Sir Sandford Fleming, KCMG (January 7, 1827 – July 22, 1915) was a Canadian engineer and inventor. Born and raised in Scotland, he emigrated to colonial Canada at the age of 18. He proposed worldwide standard time zones, designed Canada's first postage stamp, left a huge body of surveying and map making, engineered much of the Intercolonial Railway and the Canadian Pacific Railway, and was a founding member of the Royal Society of Canada and founder of the Royal Canadian Institute, a science organization in Toronto.
His time at the Northern Railway was marked by conflict with the architect Frederick William Cumberland, with whom he started the Canadian Institute and who was general manager of the railway until 1855. Starting as assistant engineer in 1852, Fleming replaced Cumberland in 1855 but was in turn ousted by him in 1862. In 1863 he became the chief government surveyor of Nova Scotia charged with the construction of a line from Truro to Pictou. When he would not accept the tenders from contractors that he considered too high, he was asked to bid for the work himself and completed the line by 1867 with great savings to the government and at profit to himself.
In 1862 he placed before the government a plan for a transcontinental railway connecting the Atlantic and Pacific oceans.[4] The first part, between Halifax and Quebec became an important part of the preconditions for New Brunswick and Nova Scotia to join the Canadian Federation because of the uncertainties of travel through Maine because of the American Civil War. In 1867 he was appointed engineer-in-chief of the Intercolonial Railway which became a federal project and he continued in this post till 1876. His insistence on building the bridges of iron and stone instead of wood was controversial at the time, but was soon vindicated by their resistance to fire.
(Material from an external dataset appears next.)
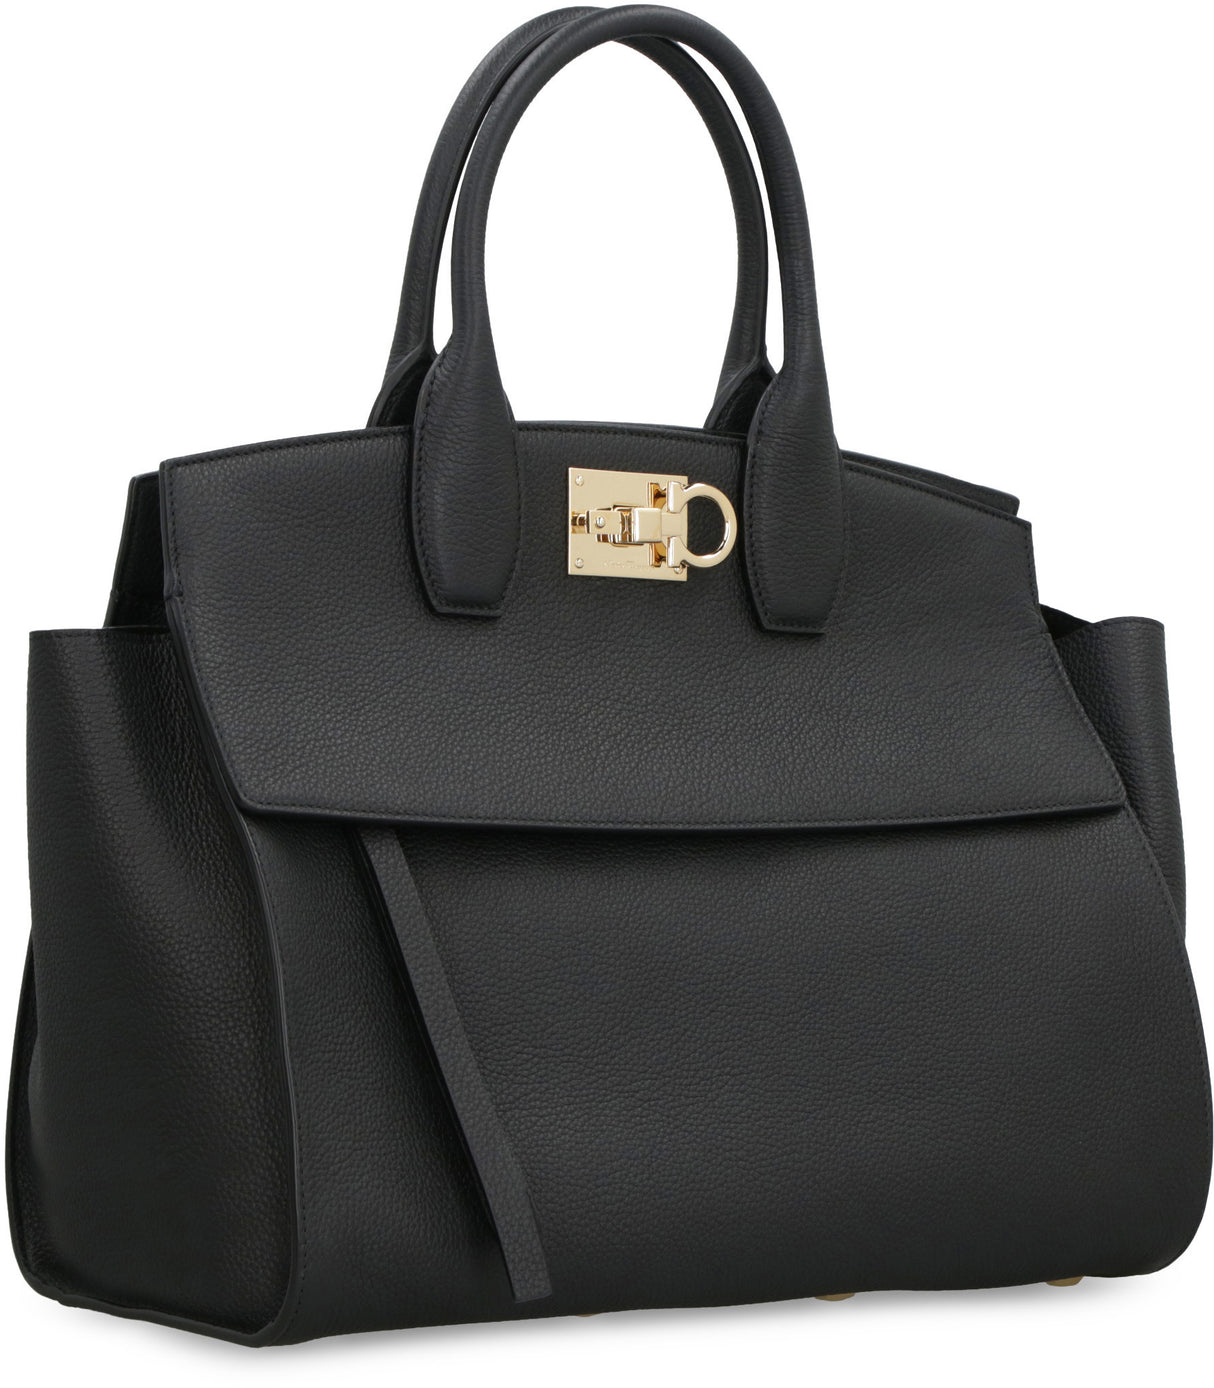 FERRAGAMO Studio Soft Leather Handbag - Black Calfskin, Gold-Tone Hardware, Adjustable Strap

By 1871, the strategy of a railway connection was being used to bring British Columbia into federation and Fleming was offered the chief engineer post on the Canadian Pacific Railway. Although he hesitated because of the amount of work he had, in 1872 he set off with a small party to survey the route, particularly through the Rocky Mountains, finding a practicable route through the Yellowhead Pass. One of his companions, George Monro Grant wrote an account of the trip, which became a best-seller. By 1880, with 600 miles completed, a change of government brought a desire for a private company to own the whole project and Fleming was dismissed by Sir Charles Tupper, with a $30,000 payoff. It was the hardest blow of Fleming's life, though he obtained a promise of monopoly, later revoked, on his next project, a trans-pacific telegraph cable. Nevertheless, in 1884 he became a director of the Canadian Pacific Railway and was present as the last spike was driven.